Tate Modern has launched a multimedia tour of the collection displays, the first of its kind in a UK museum. After three years of trials the Bafta award-winning product is now complete.

Delivered on a handheld computer or PDA (personal digital assistant), the tour covers all floors of the permanent collection and includes more than four hours of content about highlights on display. In 2002 Tate was the first museum in the UK to pilot a tour like this and now becomes the first to introduce it as a fully-fledged information tool for visitors. The tour is sponsored by Bloomberg and developed in collaboration with Antenna Audio.

Holding the PDA in the palm of their hand as they walk round the galleries, visitors can see videos and images that provide additional context for the art. They can also take part in interactive games and opinion polls, and play art-related music. If they find an artwork particularly interesting, they can ask the PDA to email further details about it to their home email address.

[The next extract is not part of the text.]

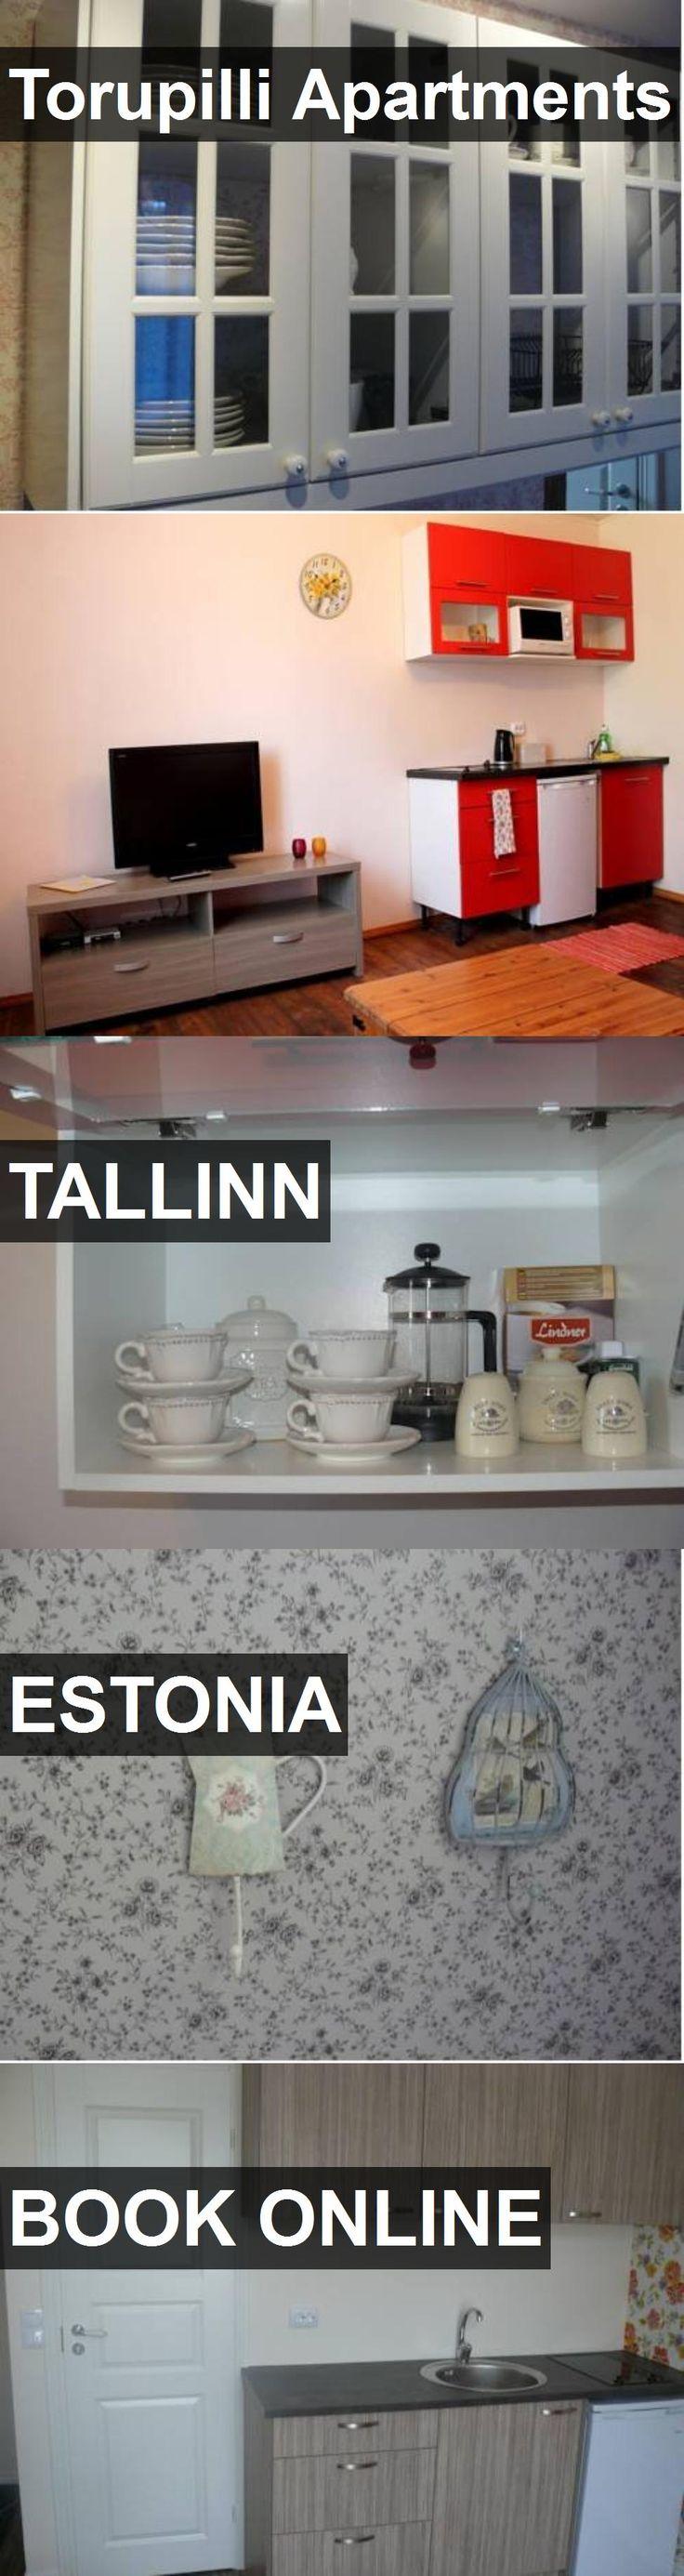 Torupilli Apartments in Tallinn, Estonia. For more information, photos, reviews and best prices please follow the link. #Estonia #Tallinn #travel #vacation #apartment

Highlights of the tour include interviews with artists such as Tony Cragg, Christian Boltanski, Mark Dion, Richard Hamilton, Howard Hodgkin, Miroslaw Balka and Joseph Beuys, as well as video footage of artists at work and interactive games, such as Exquisite Bodies, which was invented by the Surrealists, and a quiz on Andy Warhol's famous aphorisms;

There is a jukebox which includes Jake and Dinos Chapman's specially created soundtrack, the jazz that inspired Jackson Pollock and classical music written for Rothko's paintings.

Alongside the Multimedia Tour, Tate will offer a new tour in British Sign Language (BSL) for deaf people which will be launched on 14 March. Last year, the first trial version of this was extremely popular with deaf visitors, who appreciated being able to access on-demand information in BSL, their preferred language.

Using handheld computers to deliver this range of multimedia content means that visitors have a discreet way of gaining access to the information they choose at their own pace. The content has been carefully created to ensure that the flow of information directs visitors back to looking at the artwork itself, and evaluation shows that the tour encourages users to spend longer in the galleries.